= Platelet lysate =

Substitute supplement for fetal bovine serum (FBS)

Human platelet lysate (or hPL) is a substitute supplement for fetal bovine serum (FBS) in experimental and clinical cell culture. It is a turbid, light-yellow liquid that is obtained from human blood platelets after freeze/thaw cycle(s). The freeze/thaw cycle causes the platelets to lyse, releasing a large quantity of growth factors necessary for cell expansion. hPL has the highest concentration of growth factors of any serum supplements.
FBS-free cell culture media, e.g. with platelet lysate or chemically defined/ animal component free, are used for cell therapy or regenerative medicine. They are commercially available in GMP (good manufacturing practice)-quality which is generally basis for regulatory approval.

== Process ==
Platelets have a life span of 5 to 9 days. Because of this, the U.S. Food and Drug Administration (FDA) expires transfuse-able platelets 5 days post-collection.

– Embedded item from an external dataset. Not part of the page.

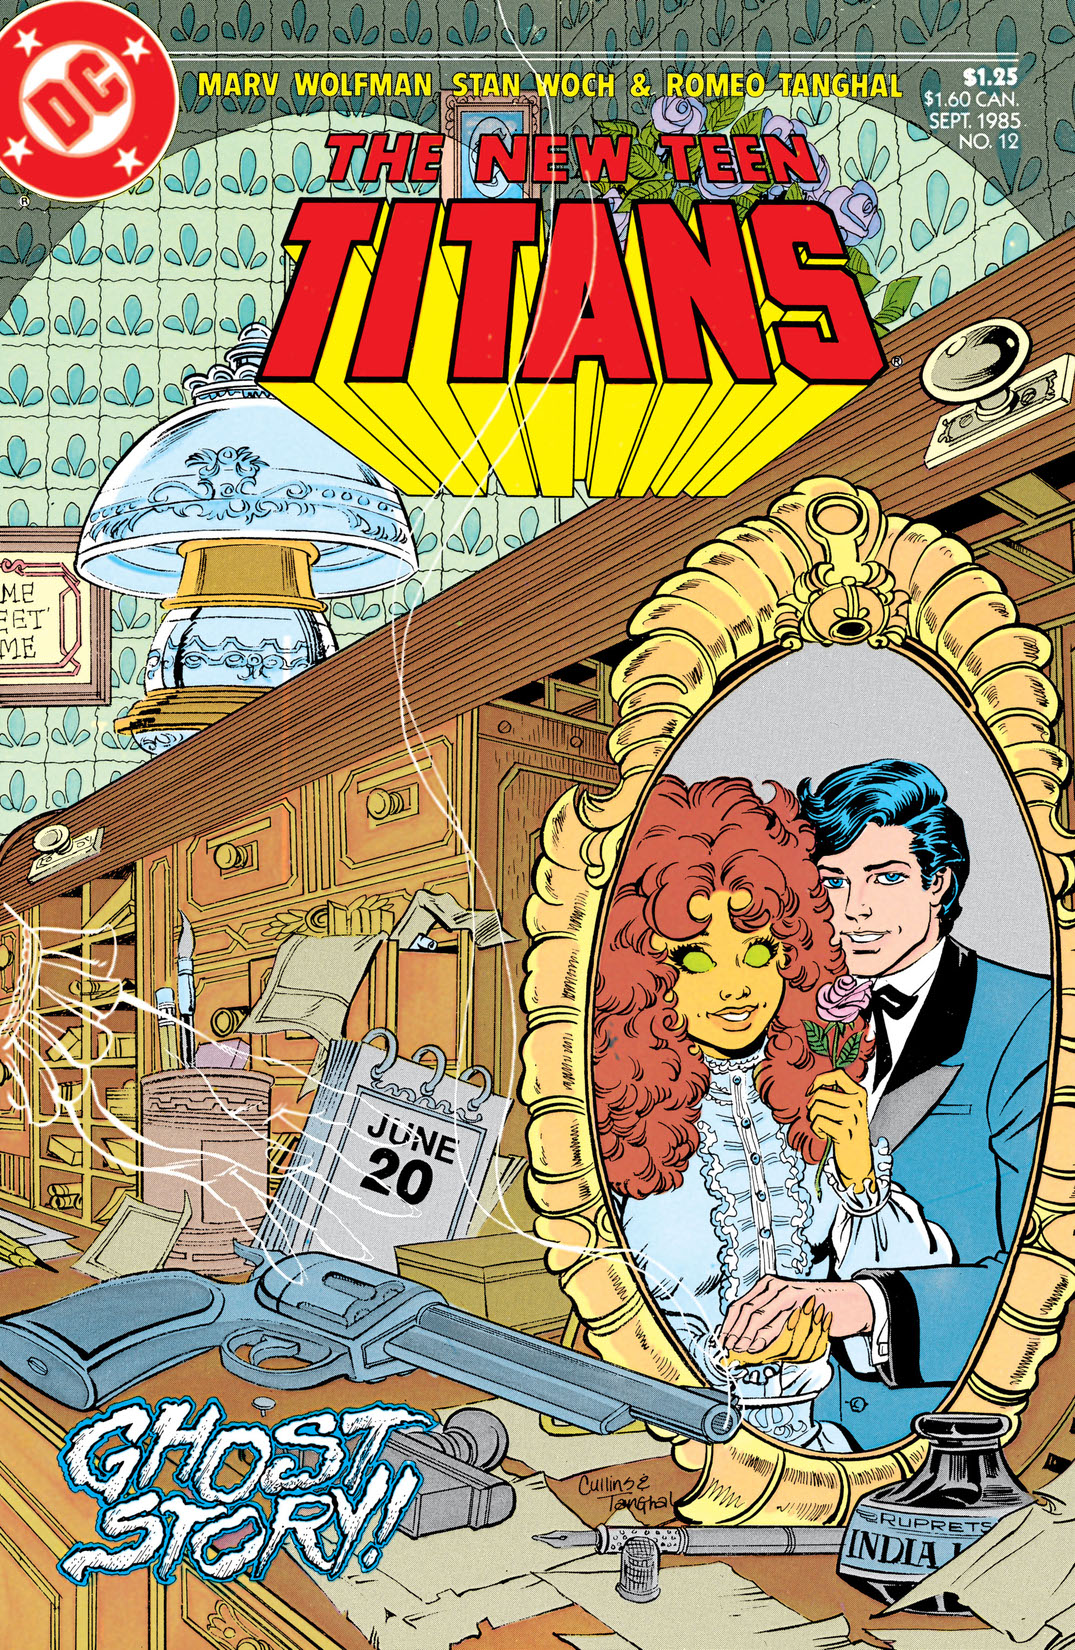 The New Teen Titans #12 preview images

Typically, hPL is produced from expired platelets that have been stored in frozen conditions no later than 7 days post-collection.

hPL is created from single or pooled donor-donated platelets isolated from whole blood or by apheresis, distributed in a standard platelet collection bag. There are some differences between hPL manufacturing protocols, but they all share the same core of being frozen at very low temperatures and thawed. This process may be repeated two or three times to cause complete platelet lysis. The resultant hPL can then undergo different manufacturing steps to achieve multiple grades of hPL.

The most common form of hPL undergoes few processing steps, producing a product made of the supernatant following the freeze/thaw process. The included clotting factors require to add heparin to the cell culture media to prevent coagulation during incubation.

Another form of hPL is one that can be used in cell culture without the need of heparin, or any anticoagulant, addition. This grade of hPL goes through further manufacturing steps to inhibit the effect the clotting factors have.

Many labs around the world are creating small amounts of hPL to suit their laboratory needs. The disadvantages of this process are: cost and consistency. When creating small batches of hPL (single or few donors pooled), the lot-to-lot consistency of the hPL becomes variable. Large-scale manufacturing by pooling many platelet donors is a necessity to mitigate the donor-to-donor variability. Consistency is a top priority for experimental designs to provide reproducible results.

Platelet lysate is commonly used for supplementation of basal media in mesenchymal stem cells culture. Prior to use, the pathogen inactivation process is recommended to prevent pathogen transmission.

== Global sales ==
Human platelet lysate is available commercially through AventaCell BioMedical, Captivate Bio, EliteCell Biomedical Corps, Elk Bioscience, Mill Creek Life Sciences, Compass Biomedical, Inc., Sexton Biotechnologies, Macopharma SA, iBiologics, PL BioScience GmbH, Life Science Group Ltd (UK) and Trinova Biochem GmbH under the product lines UltraGRO, PLTMax, PLUS, Stemulate, Human Platelet Lysate, XcytePlus, PLSOLUTION, PLMATRIX and CRUX RUFA Media Supplements. Platelet lysate has also been produced with non-human animal material and has been made commercially available by Agulos Biotech (porcine) and Japan Biomedical (bovine). Some companies provide different grades of platelet lysate including GMP versions and clinical grade for use in human clinical trials. Platelet lysate offers a true human-based recombinant protein platform. Platelet lysate has been tested in various cell culture applications including use in advanced bioreactor systems.